Respondent-father argues that Andy’s age weighs against the trial court’s
determination that termination of his parental rights was in his best interest because
a child over the age of twelve is required to consent to his adoption. See N.C.G.S. §
48-3-601 (2019). He asserts that, “Andy will have the right to object to the adoption,
compounding the difficulty in procuring permanency for him.” However, the court
may waive the consent requirement “upon a finding that it is not in the best interest
of the minor to require the consent.” Id. § 48-3-603(b)(2). Thus, even assuming
arguendo that Andy fails to consent at the time of an adoption, his lack of consent
would not preclude him from being adopted.
Second, respondents challenge the trial court’s finding that the likelihood of
Andy’s adoption is high.

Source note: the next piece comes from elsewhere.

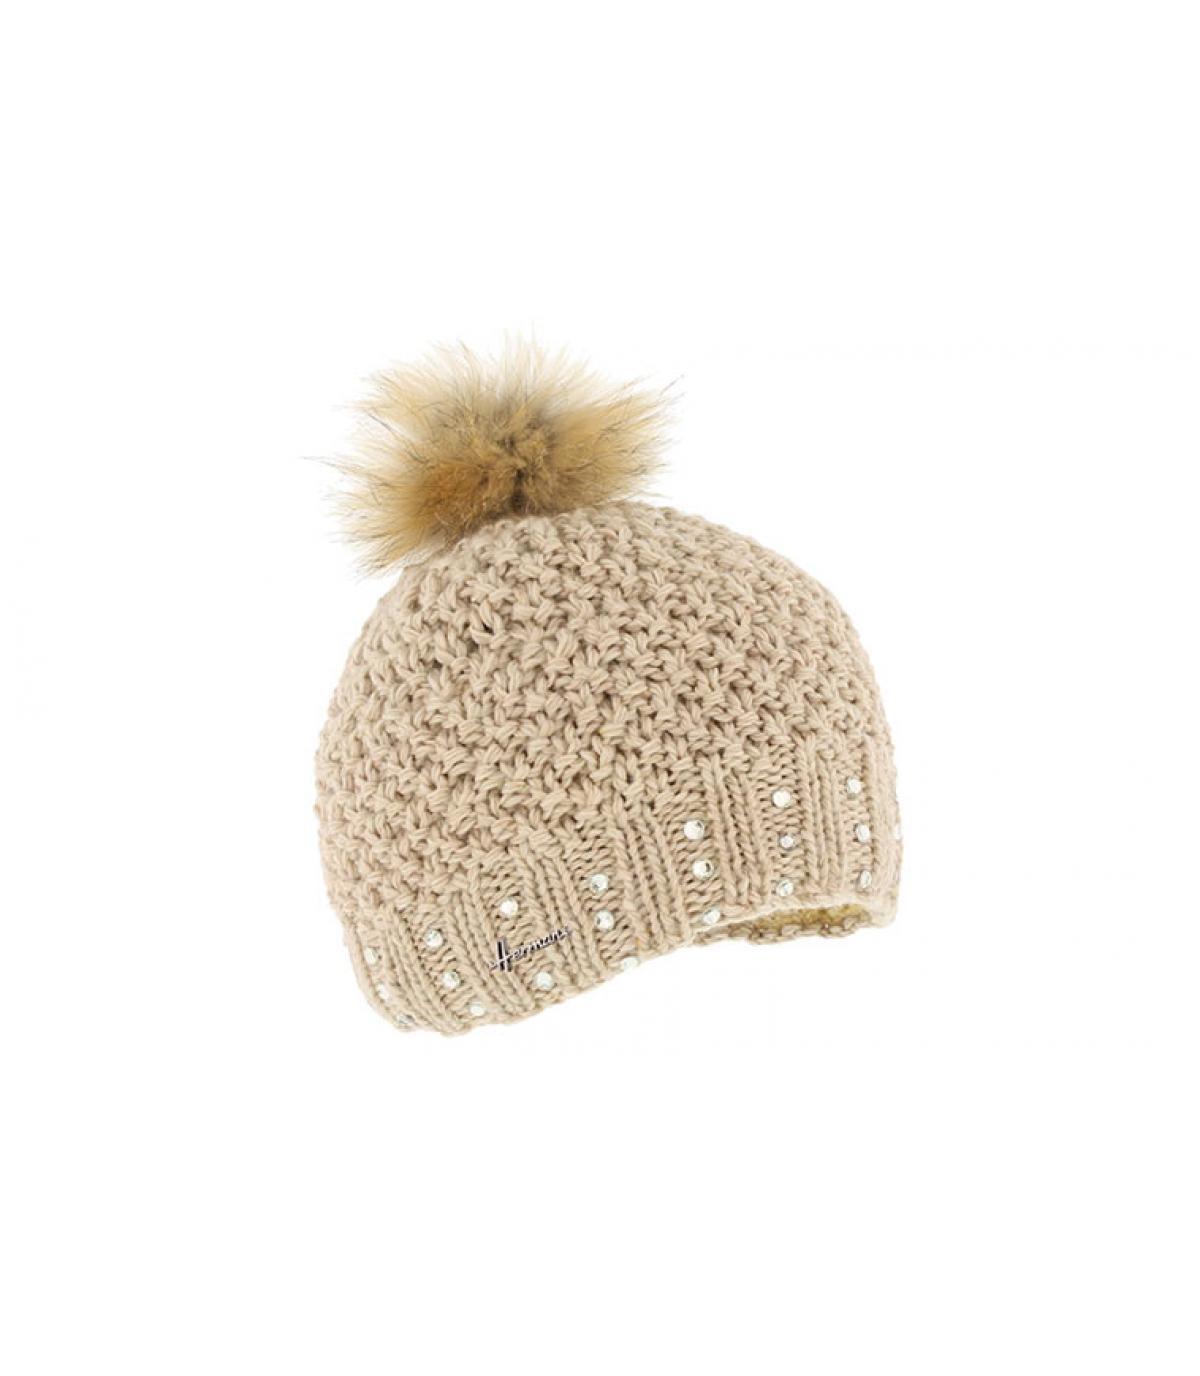 5d8b6768a3a Bonnet pompon fourrure - Bonnets avec pompon en fourrure - Headict
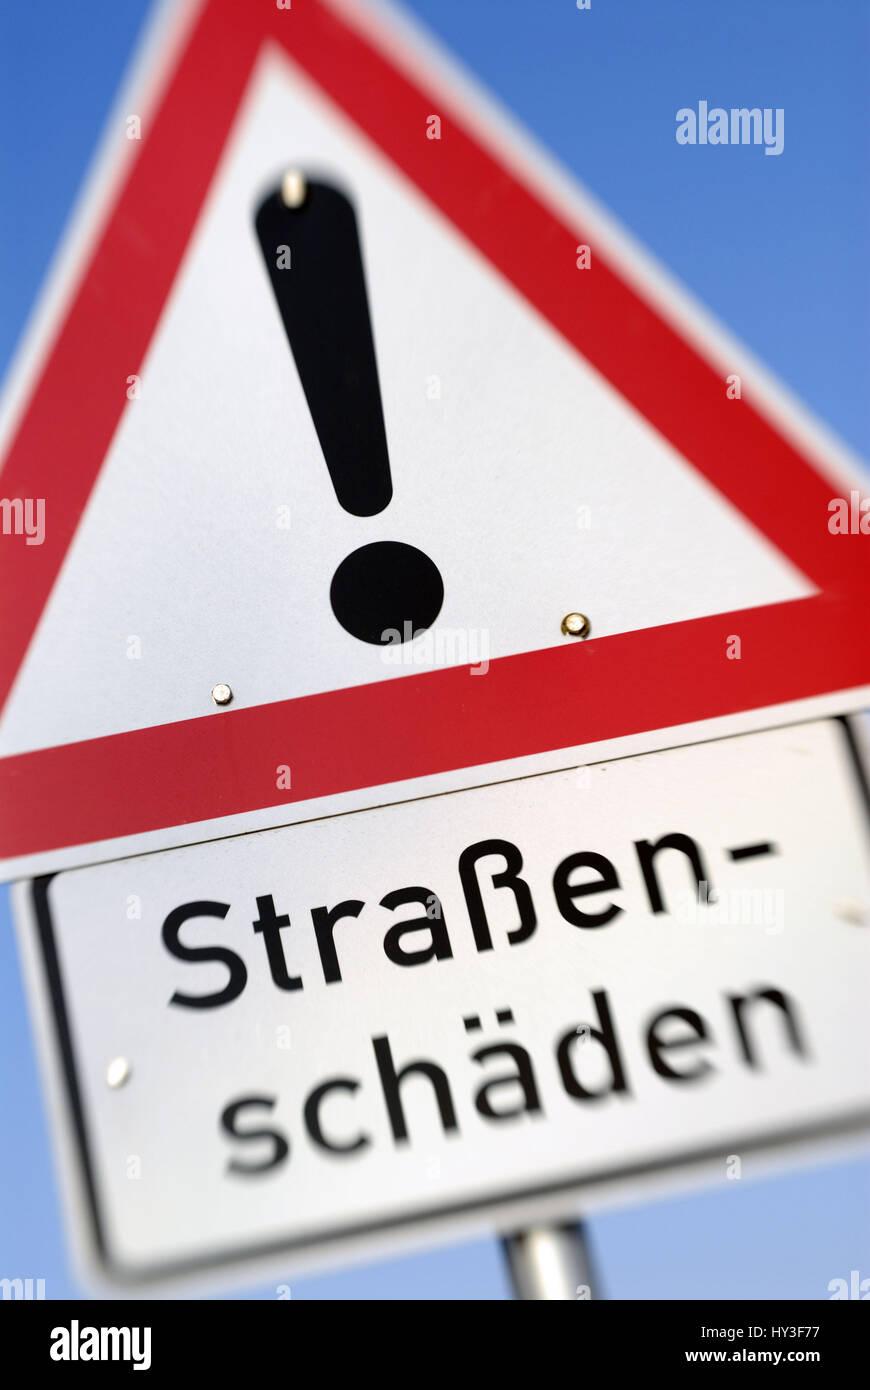 Warnung Straße Schäden, Warnschild Straßenschäden Stockfoto

While recognizing that the trial court appears to have based
its finding on a report filed by the guardian ad litem (GAL) and the GAL’s testimony
at the termination hearing, they assert the report and testimony is “undercut” and
“directly contradicted” by Andy’s history while in DHHS custody. Respondent-mother
contends that the trial court’s finding is not based on convincing evidence and
respondent-father argues that the trial court’s finding is not based on competent
evidence, given Andy’s behavioral and psychiatric issues and multiple placements
while in foster care for nearly four years.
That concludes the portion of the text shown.